More characters from our trip (in no particular order)
Big Nose Man
This was the nickname we bestowed upon the Old Frenchman who led the tour of Musee de Olivier in Nyons. He looked like he had spent many years enjoying the wines of the region and may even have a natural knack for Truffle hunting. The first question he asked Anthony was "you have only one wife?" (in French, of course, as he spoke very little English). He kept joking with us throughout the tour (or at least, this is what we thought since we could understand only a little bit of what he said and he would make motions and laugh every so often as if he had just said the funniest thing). He also seemed to get upset if we moved towards the wrong station too soon (even though a couple of times I was moving to get a better view of something or to read the descriptions in English). At the end of his tour in French, we went around the small exhibits again with our English handout and suddenly, a lot of his hand motions and what we thought were jokes made sense.
Missed the Boat Lady
This nickname pretty much gives away the end of the story, but I'll tell it anyway. In Cognac, we took a tour of the Hennessy distillery.
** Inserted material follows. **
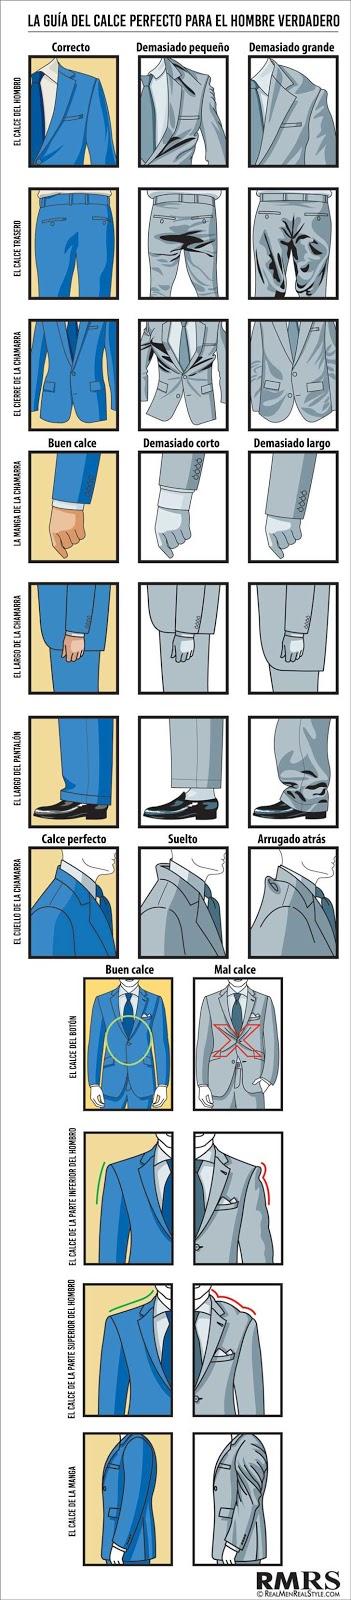 Cómo debe calzar el traje y el pantalón. Ajuste Perfecto Infografía
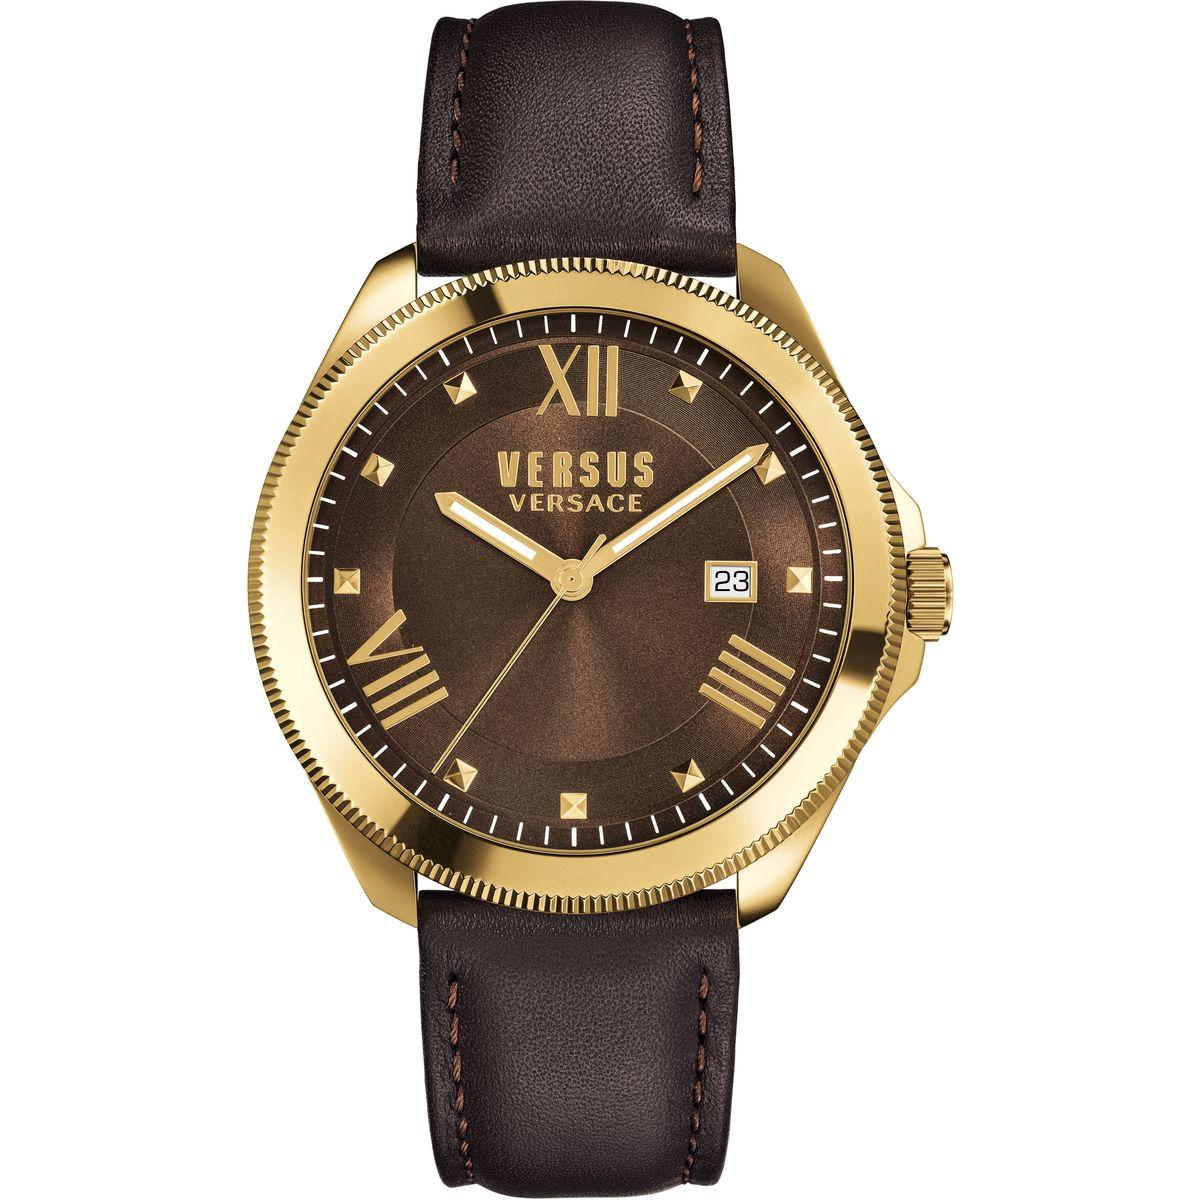 Часы наручные женские Versus Versace, цвет: золотой, коричневый. SBE02 0015SBE02 0015Элегантные женские часы Versus Versace выполнены из нержавеющей стали, натуральной кожи и минерального стекла. Циферблат часов дополнен символикой бренда. Корпус часов оснащен кварцевым механизмом, имеет степень влагозащиты равную 3 atm, а также дополнен устойчивым к царапинам минеральным стеклом. Стрелки дополнены светящимся составом. Ремешок часов оснащен классической пряжкой, которая позволит с легкостью снимать и надевать изделие. Часы поставляются в фирменной упаковке. Часы Versus Versace подчеркнут изящность женской руки и отменное чувство стиля у их обладательницы.

Part of the tour was on the other side of the river, and we had to take a small electric riverboat ride to get to the other side. On the other side of the river, we began the guided tour which began in an exhibit room and was led by a tourguide. The group was made up of mostly senior citizens on an excursion from their Princess Cruise. In fact, besides our group of 4, there was only one other young couple who were not part of the cruise. After we left the first exhibit and entered the cellar (before which we were told to stay with the group, so we wouldn't get lost), one of the younger women from the Cruise excursion wandered off looking for a bathroom. We had noticed from the beginning of the tour that she had a sour expression on her face and didn't look too thrilled to be there. Apparantly, as we were following our tourguide through the cellar, the doors to the highly secured rooms were closing behind us. When we got to the end of the tour, we boarded the boat to go back to the other side, and the tourguide asked if everyone was accounted for, at which point, some of the other Seniors from the cruise said "Where's Lola?" We waited for a few minutes and then left without her. She eventually showed up at the end of the tasting, which was in the store where we bought our tour tickets. We overheard her telling her friends that she had to go to the bathroom and went looking for one, but couldn't find one (surprise) and when she tried to catch up with the group, all the doors had closed and locked. She eventually found her way out and walked all the way up to the bridge to cross the river and back to the main store. I hope Lola learned her lesson and doesn't miss another boat!
Mr. Elbows
Well, we didn't run into Butt Babe again in Carcassone, but the Farmers did see another familiar face. On their flight from Seattle to Paris, Erica had the privelege of sitting next to Mr. Elbows, a man who apparently had more elbows than the average person and manage to continually jab her with them during the long non-stop flight. Mr. Elbows and his wife were in Carcassone. We didn't get the pleasure of meeting them personally, but it was funny to run into another pair of tourists in a town hundreds of miles from Paris, who happened to be not only on the same flight as the Farmers, but in neighboring seats! Let's hope Mr. Elbows doesn't sit next to the Farmers on the way home!